I searched the bedroom, including under the pillows just in case. I doubted I'd put it inside a dresser drawer, but I checked anyway, becoming more frustrated.

Hissing, I turned in a full circle, finally heading into the bathroom. There it was. I'd tossed it on the bathroom counter. Why were my hands shaking other than out of anger? Because I wasn't used to being treated the way I'd just been.

I had to shake it aside for now. As soon as I grabbed the phone, I almost felt relief that he'd called back after our connection had been lost.

After glancing over my shoulder to make certain Vadim hadn't forced himself into the room, I half closed the door and pulled up the voicemail. His voice was startling.

Terrifying.

And it rattled me to my core.

"Listen to me, Pink Flamingo. There are some things you need to know. I wasn't honest with you and that's my fault. I'm going to need to trust you. I have something that will blow this city wide open and you're the only one who can bring justice and peace."

What the hell was he talking about? I'd never heard this kind of fear in his voice. He'd always been a cocky son of a bitch. I had to strain to hear the rest of the message, even playing it back twice to get all the details.

He had something for me, information he wasn't able to discuss. He also wanted me to meet him at his apartment. That meant Vadim had been right. The hacker was in serious danger. Fuck. I was honestly shocked the location was in the heart of Brooklyn and not far from where my apartment had been.

I'd tried a few times to find him but the man was damn good at keeping everything about him, including his real name off the grid.

When he mentioned he'd hidden a jump drive in his apartment in a special compartment, I knew he was running scared.

Fuck. What was I supposed to do? Could I believe Vadim would protect him? I hated myself that at this point I wasn't entirely certain. That was a sad statement given our level of passion. But other than what I'd seen, I had no idea how he handled business. If the other night was any indication, he would stop at nothing to get what he wanted.

Including murder.

Well, I refused to be the reason Joshua was killed. Whatever the case and perhaps against my better judgment, I knew what I had to do.

Find a way off this goddamn estate by myself.

Damned be the consequences.

However, I had to admit to myself that I was in a terrible habit of making very bad decisions, including coloring my hair pink.
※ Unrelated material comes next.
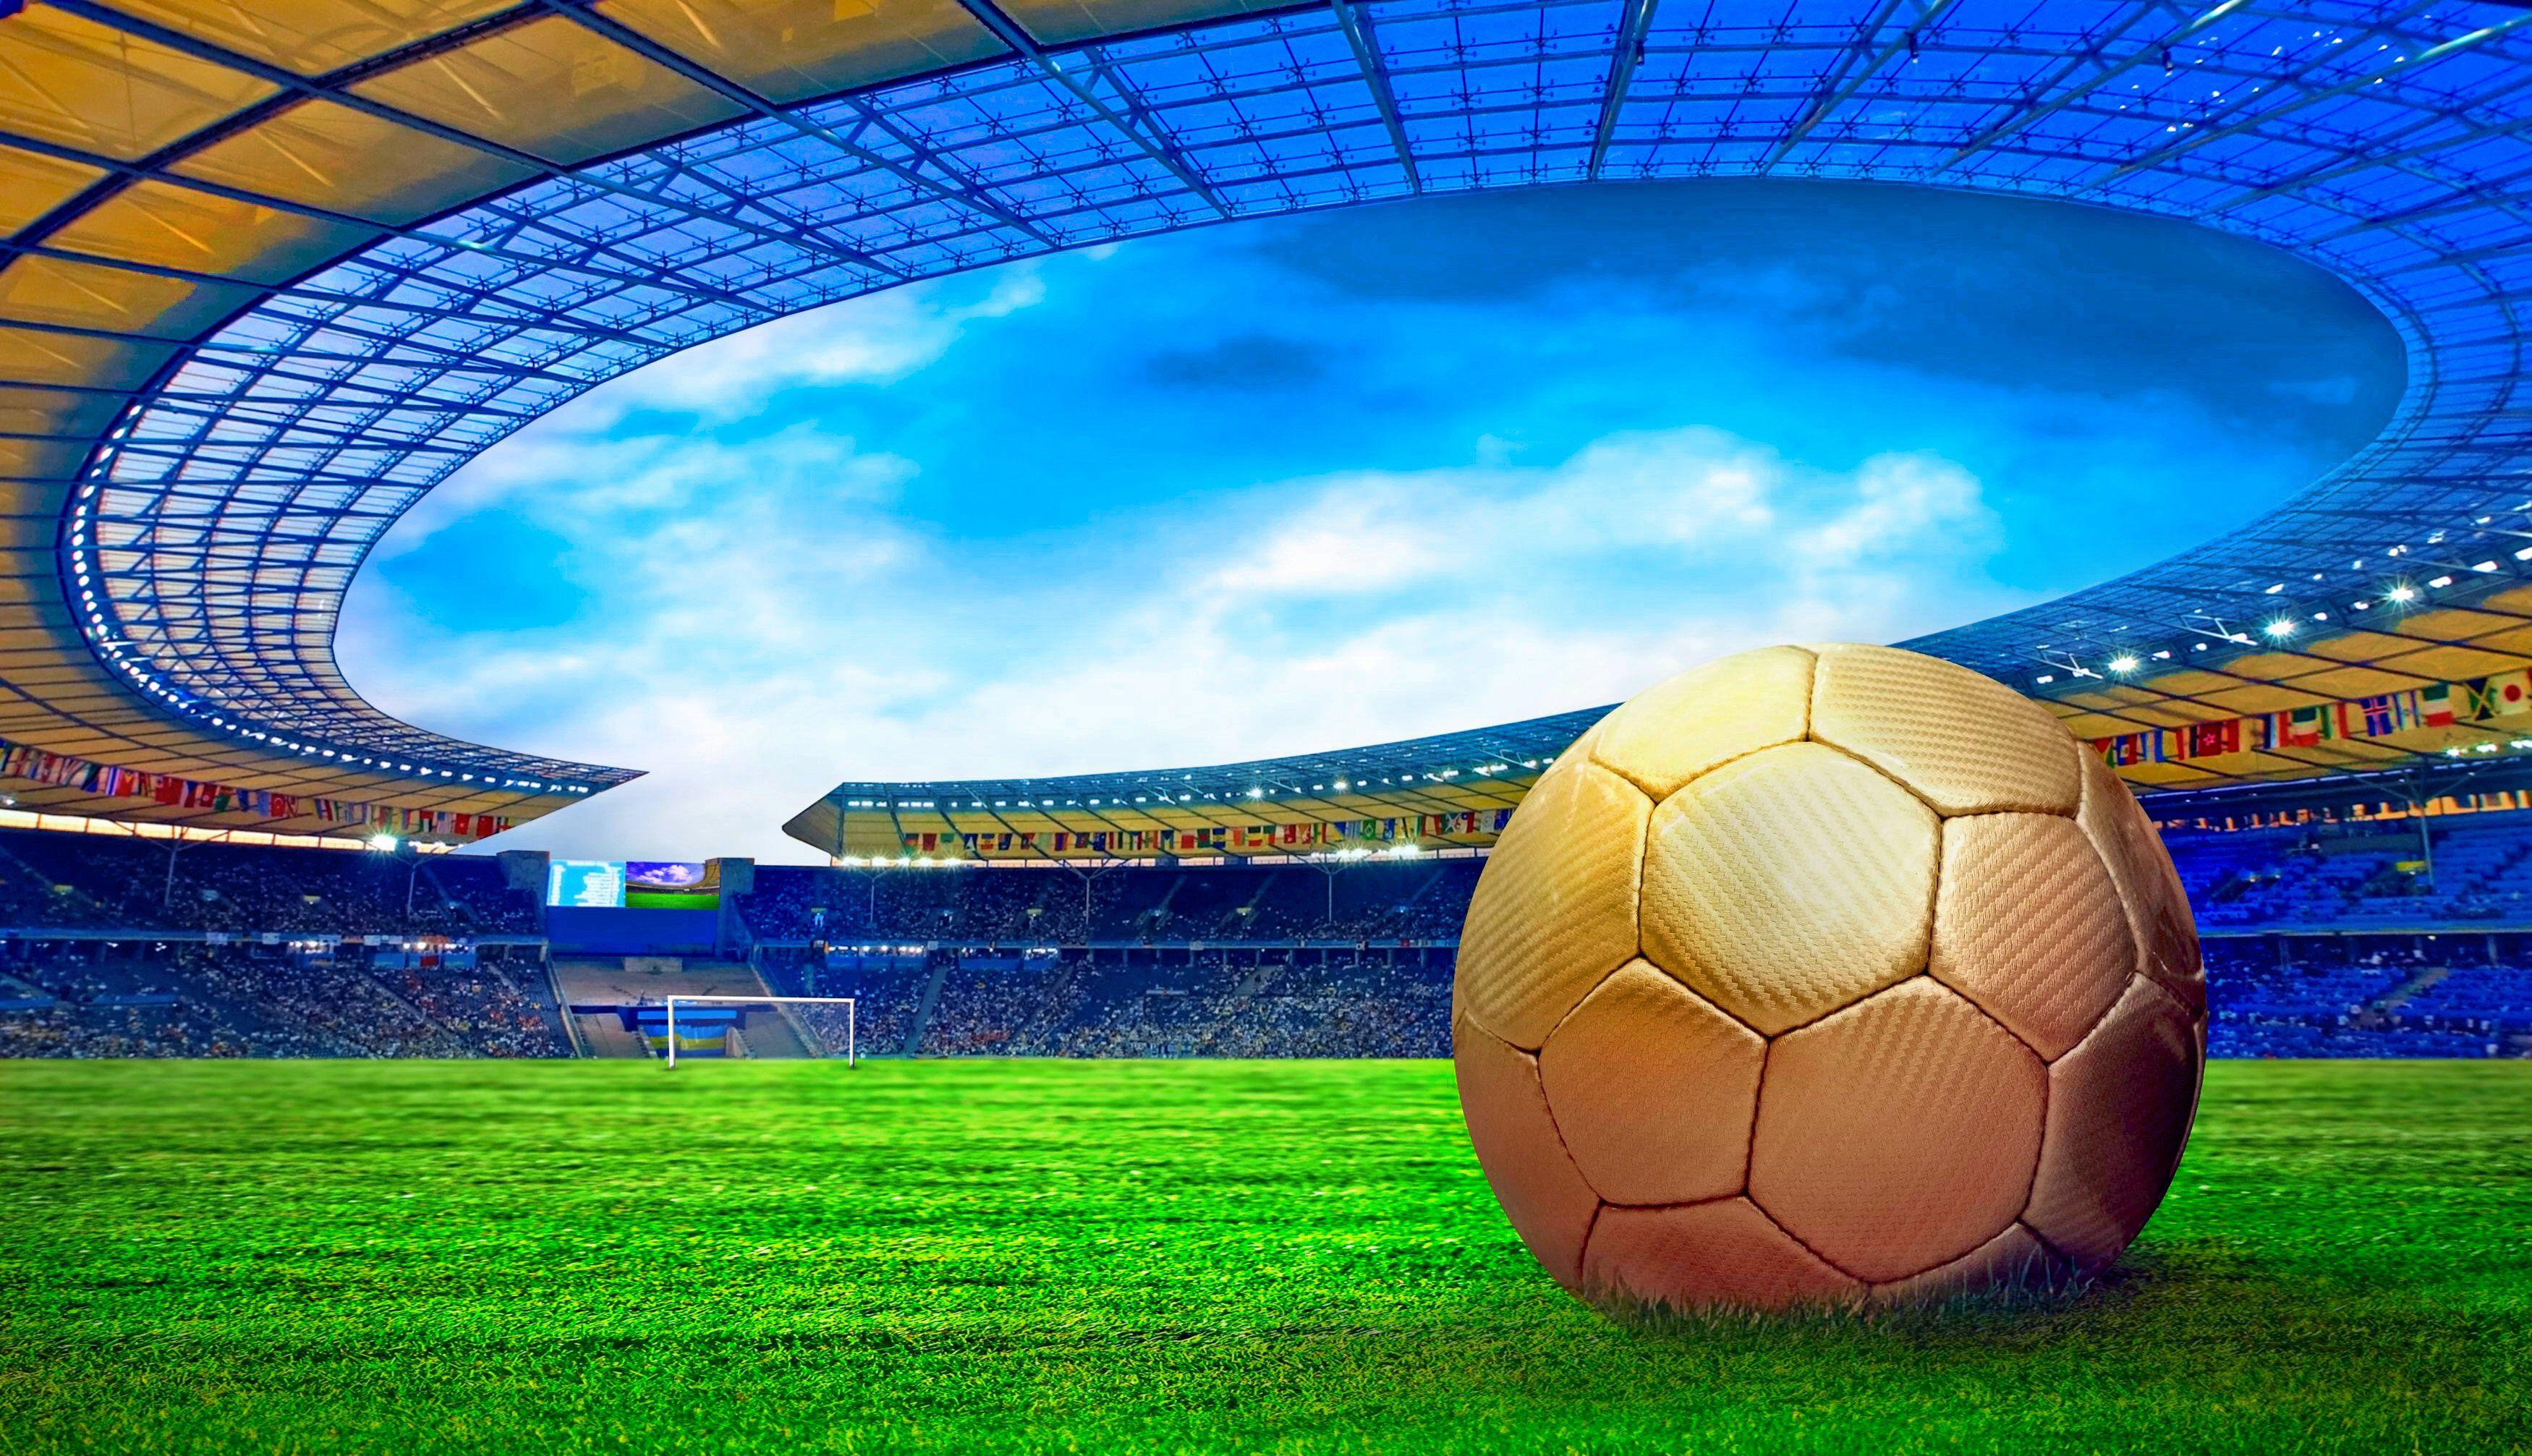 soccer stadium wallpaper, free soccer wallpaper

I'd been fighting so hard to get away from my parents' suffocating control that I'd lost myself completely along the way. Maybe I'd hoped doors would open for me bursting with sunshine and unicorns. Instead, I'd learned how much corruption there was in the Big Apple and beyond, including around my father.
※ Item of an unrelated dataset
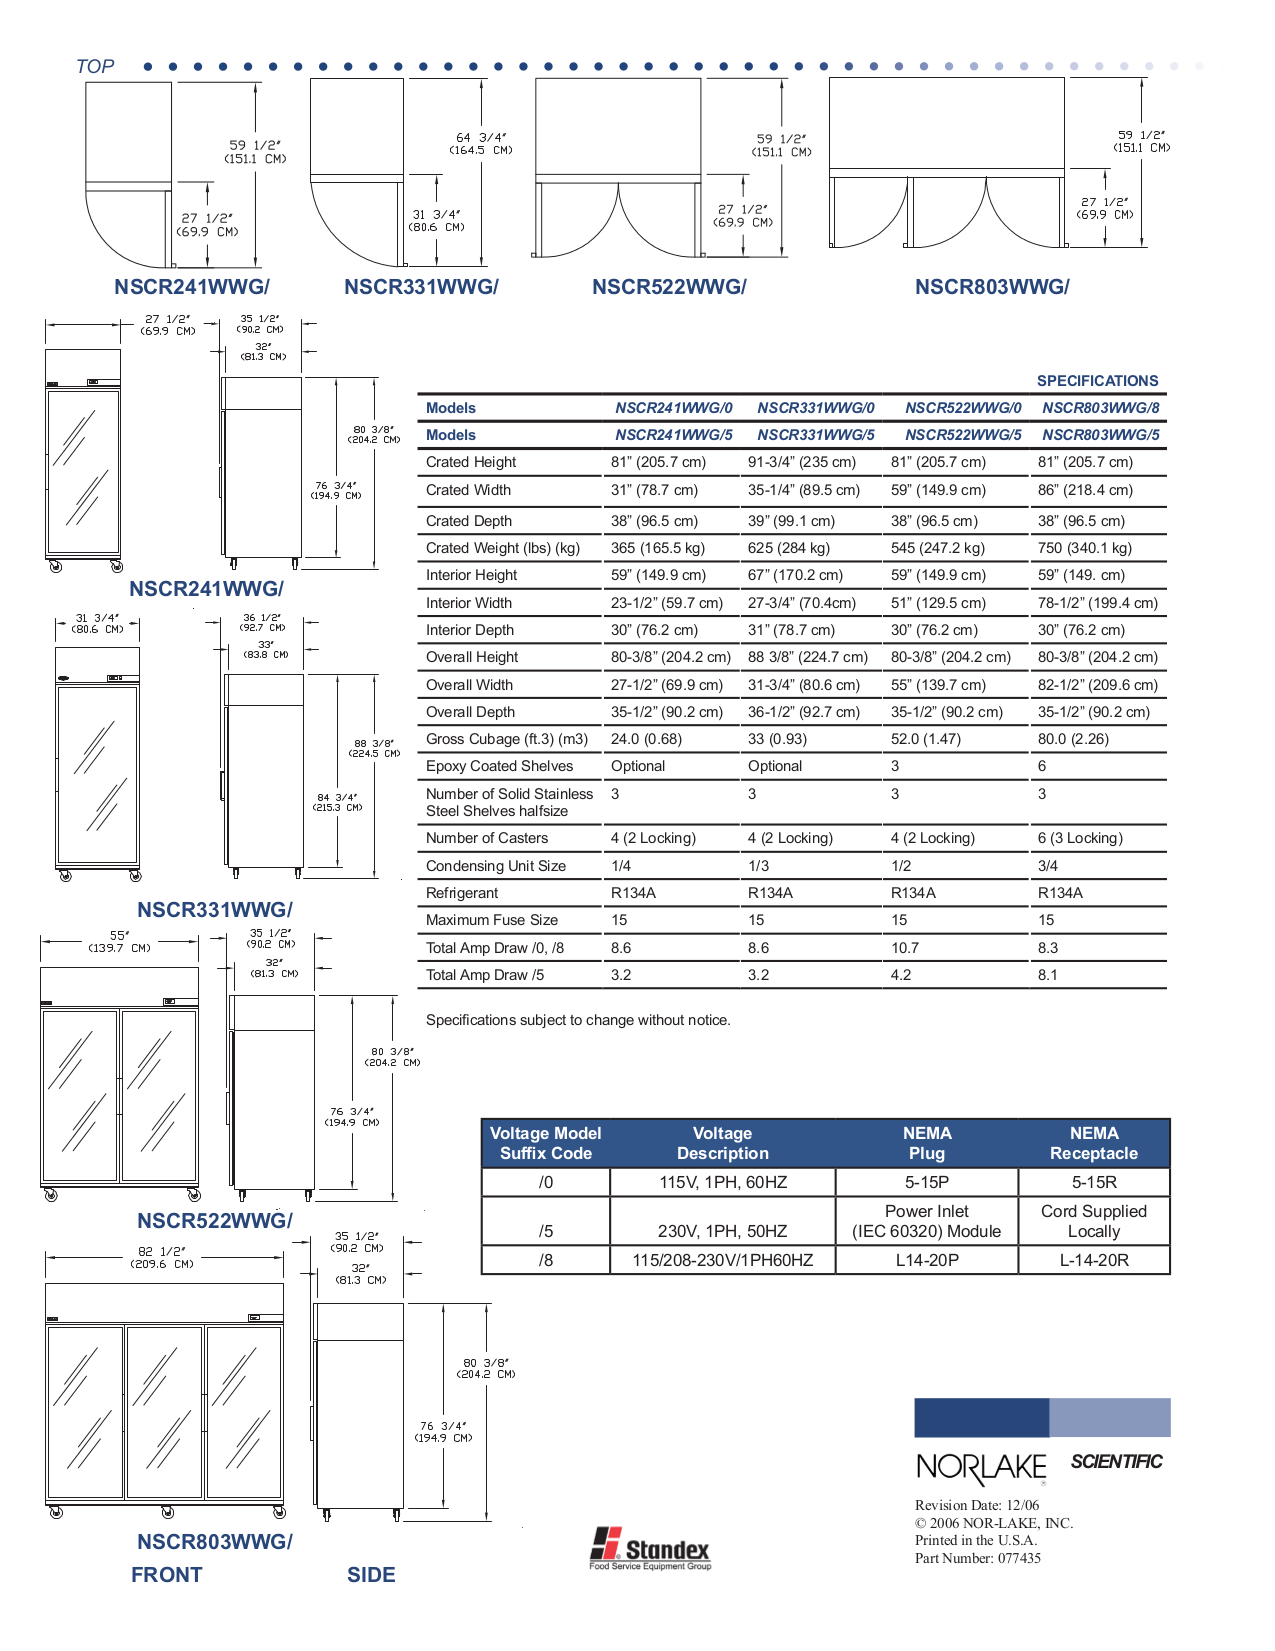 pdf for Norlake Refrigerator NSCR522WWG manual

All those hacker abilities I'd fine-tuned had only enflamed the curiosity I'd always had about how my father made his money. I hadn't needed to delve too far into the man's world to realize there was very little difference between his methods of handling his business and what I knew about Vadim's austere, posh world.
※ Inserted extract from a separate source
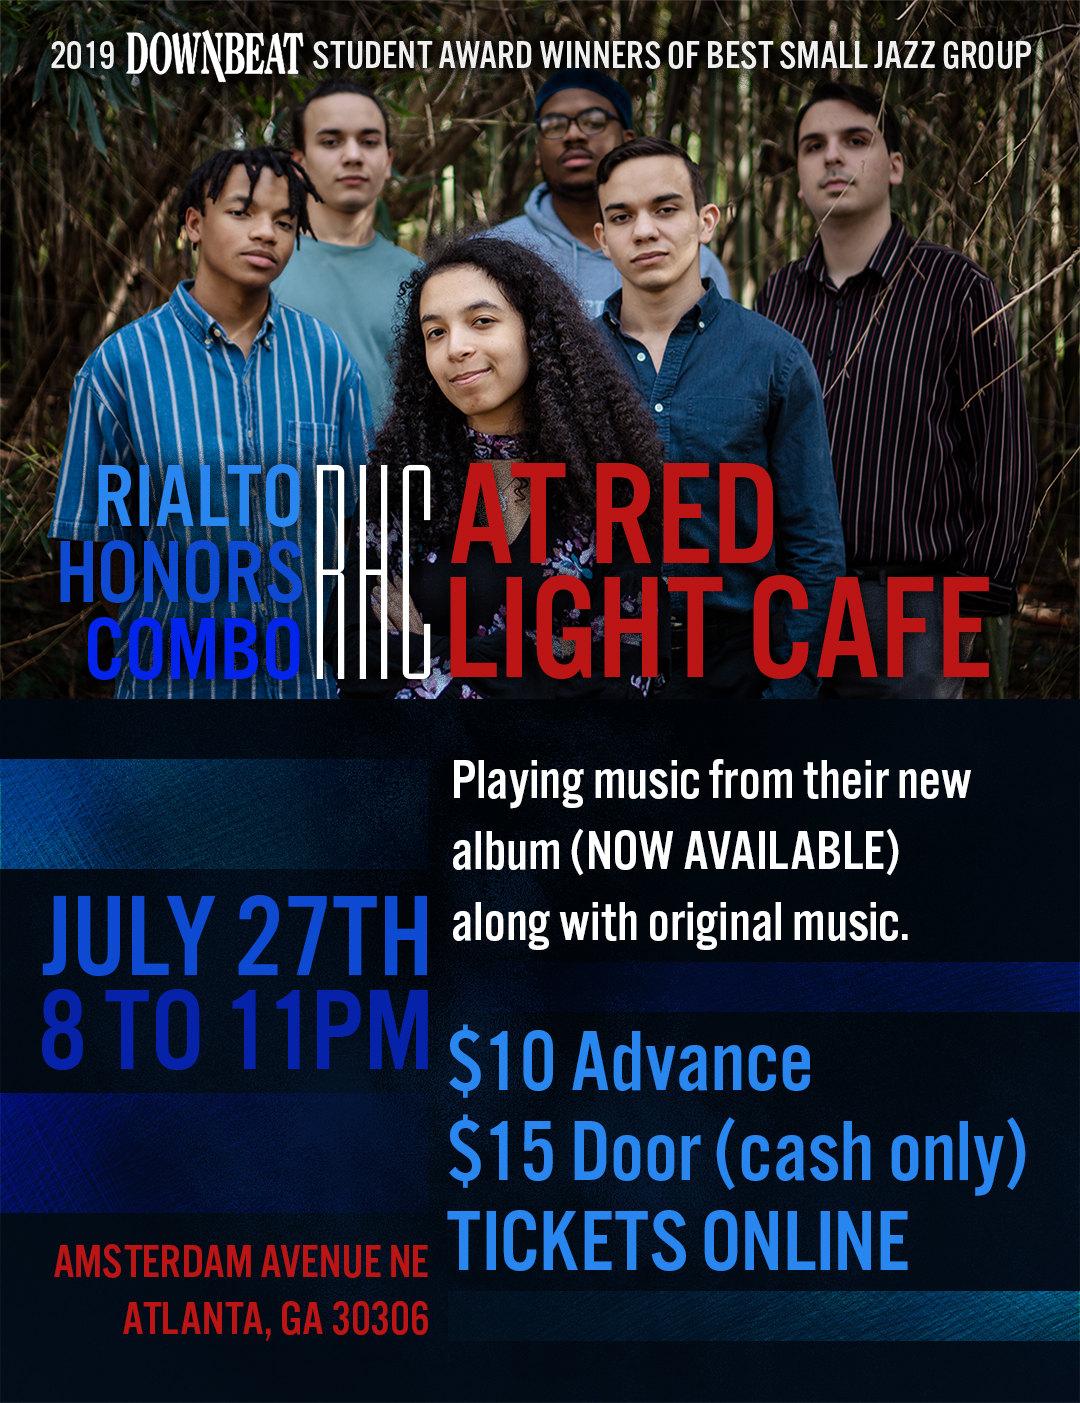 Rialto Youth Jazz Orchestra Honors Combo: Celebrating the Music of Roy Hargrove — July 27, 2019 — Red Light Café, Atlanta, GA

Had I been searching for a father figure this entire time?

Oh, dear God. That made our passion seem reprehensible, icky as hell. No wonder Daniella had slapped me.

Time for a shower and a fresh change of clothes. Who knew. Maybe I'd become the heroine in this twisted love story for a change, besting even a ruthless man like Vadim.

Someone I craved.

Someone who'd set my soul on fire.

And someone I shouldn't surrender to ever again.

Yeah, a hero who faded into the sunset like the good guys in movies.

Or maybe, just maybe I'd end up dead.